GtkRecentManager is our standard interface to ~/.local/share/recently-used.xbel (described in detail in the Desktop Bookmark Specification).

Zeitgeist is a project to keep a chronological log of events (things the user does or that otherwise happen): accessing/editing files (local, remote and web), having IM conversations, launching applications, etc.

In this page, we talk about making GtkRecentManager use Zeitgeist's logging backend instead of (or in addition to) using that XBEL file, and about extending its API to support some concepts which would make things much more useful for Zeitgeist.

Summary

The idea is to keep GtkRecentManager as the simple logging API for apps that deal with "real file URIs". Applications handling special things like IM conversations or music can use the Zeitgeist API directly.

The logging and querying API will be kept as legacy for apps that use them (to generate recently-used menus and such). For other more sophisticated usage, the Zeitgeist API should be used directly.

Objectives

  • Get more details logged. Particularly, correct timestamps and a distinction between create, open, modify and (new) close events.
  • Get data from Zeitgeist, since it's expected to be more complete (ie. not only from GNOME apps).

API Proposal (WIP)

Insertion

The following operation will replace gtk_recent_manager_add_item and gtk_recent_manager_add_full:

void gtk_recent_manager_add_activity (manager, const enum GtkRecentManagerActivityType type, const GtkRecentActivityData *data);

The methods return void so that the operation can be made asynchronous. Type can take the following values: _CREATED, _OPENED, _CLOSED and _MODIFIED. Data can have the following information: uri, display_name, mime_type, application.

Outstanding issue:

  • Do we need the timestamp parameter or can GTK+ just use the current time?

Retrieval

GList* get_latest_items_for_app(GtkRecentManager *manager, gchar* app, gint limit)  //returning all items for app sorted by recently used where the app should be the name of the .desktop file, limit sets the count of items to be returned

GList* get_latest_items_for_mime_types(GtkRecentManager *manager, GList* mime_types, gint limit)  //returning all items for mimetypes sorted by recently used, limit sets the count of items to be returned

Function gtk_recent_manager_get_items gets deprecated. We need to figure out how it'd make sense to implement it in terms of get_latest_items_for_{app/mime_types} (requesting just the last 100 subjects of any kind may have too much noise -all of them may be websites-).

Targeted retrieval

gtk_recent_manager_lookup_item(uri) -> GtkRecentInfo

The GtkRecentInfo structure isn't the most optimal thing for Zeitgeist but I suppose for backwards compatibility we don't really want to change it.

GtkRecentInfo:
 uri: OK
 display name: OK
 description: deprecated (always NULL)
 mime-type: OK
 app-name: .desktop file name
 app_exec: deprecated (???)
 groups: deprecated
 is_private: deprecated (always false)
 - get_added: what's the point of this?
 - get_modified, get_visited: need ZG queries
 - get_applications: needs ZG query
 - get_application_info(app): needs ZG query,
                     changed to take a .desktop file
 - last_application: OK (app-name)
 - has_application: needs query
 - has_group: deprecated (always false)
 - get_icon, get_gicon: OK
 - get_short_name: OK
 - get_uri_display: OK
 - get_age: needs query
 - is_local, exists, match: OK

gtk_recent_manager_has_item(uri) -> bool

Can be implemented. However, what's it good for? Should probably be deprecated.

Modification and removal

gtk_recent_manager_move_item -> bool

Insert a MOVE_EVENT.

gtk_recent_manager_remove_item(uri) -> bool

We could implement it with ZG, but it may not be a good idea (eg. gedit is using it to delete unaccessible stuff, but that stuff still belongs into Zeitgeist's database).

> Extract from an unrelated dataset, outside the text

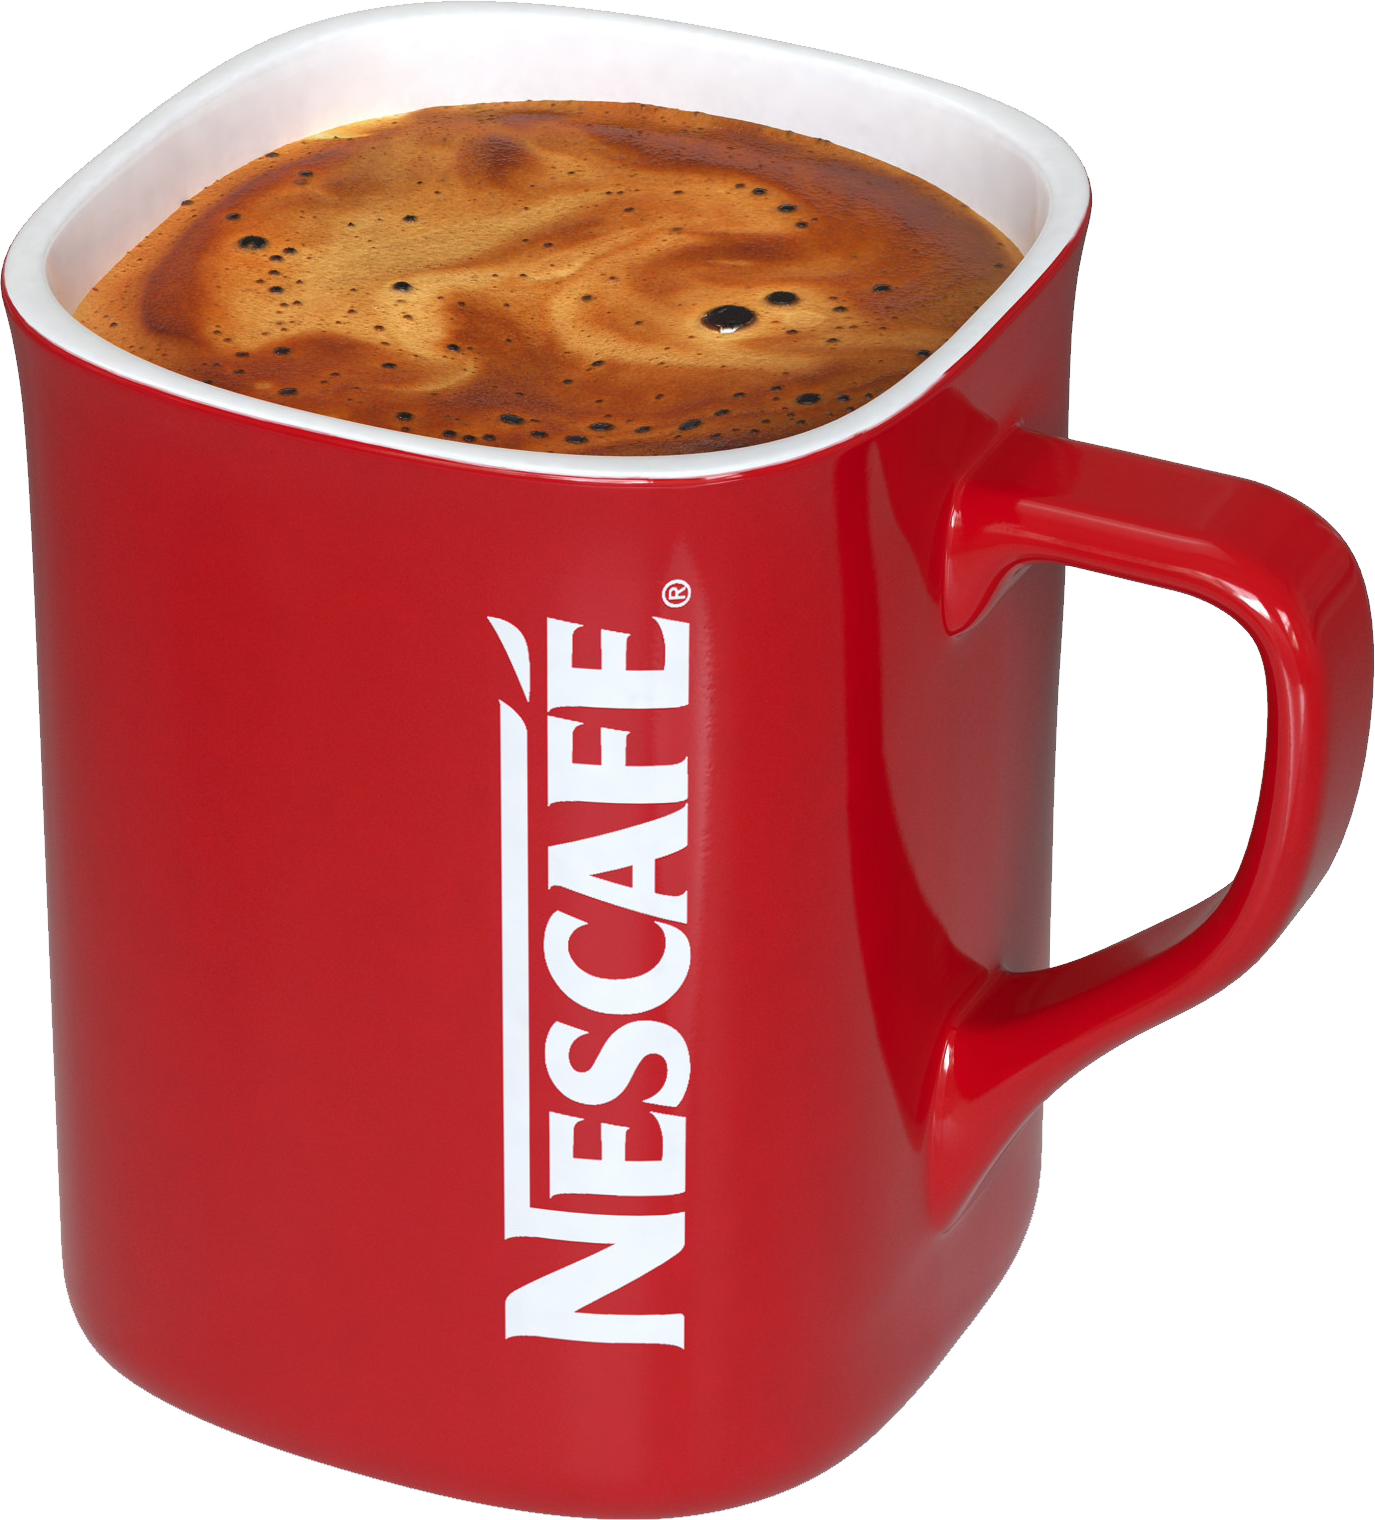 네스카페 레드컵 커피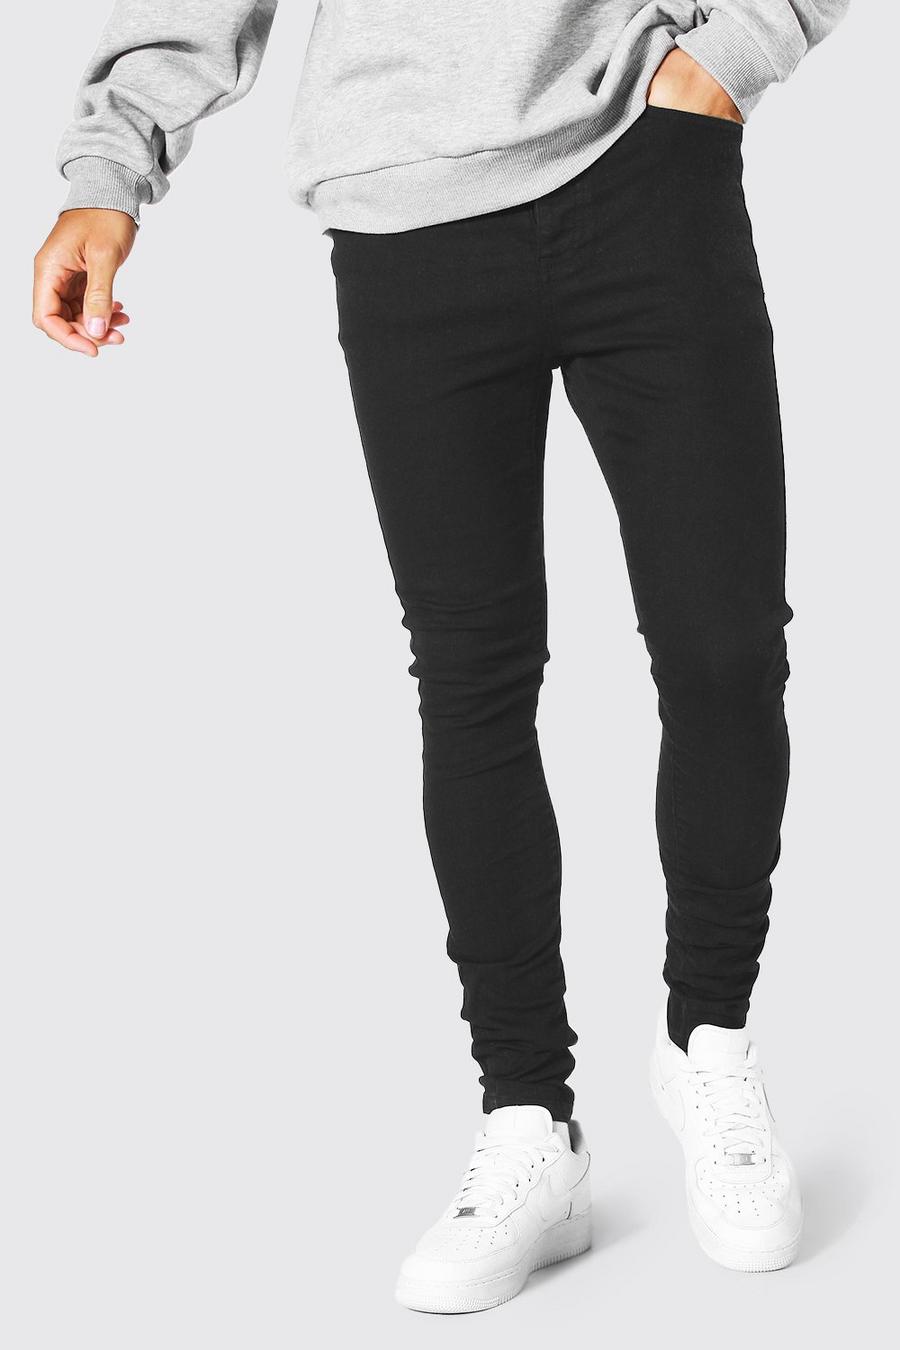 שחור אמיתי ג'ינס עם כותנה ממוחזרת בגזרת סופר סקיני, לגברים גבוהים

gtk_recent_manager_purge_items -> gint

Doesn't make sense in the context of Zeitgeist. Deprecate (NO-OP).

Outstanding issue:

  • Do we want to introduce some API for deletion (and maybe make purge_items use that)? What would it look like, removing stuff only for that application, or only recent stuff or what?


OLD DISCUSSION

Snapshot from the whiteboard at the Desktop Summit

FIXME: this needs detailing

1. Example of app

2. Docs

3. Tests

4. Bugs

5. Simple API

6. Add missing pieces for Zeitgeist

7. Zeitgeist backend

Event interpretations:

gtk_recent_opened (uri);
gtk_recent_closed (uri);
gtk_recent_modified (uri);
...

Decision: Keep GtkRecentManager as the simple API for apps that deal in "real file URIs". Special stuff like IM conversations or music can use the Zeitgeist API directly.

Keep the querying APIs as legacy for apps that use them (to generate recently-used menus and such). For other more sophisticated usage, promote using the Zeitgeist API directly.

Right now GtkRecentManager doesn't deal with timestamps at all; they are magically generated in !GBookmarkFile. Zeitgeist needs an accurate and finer-grained view of timestamps - bug.

Zeitgeist likes to have "event interpretations" that say what happened to a file - opened? closed? edited? So we need an API to specify that.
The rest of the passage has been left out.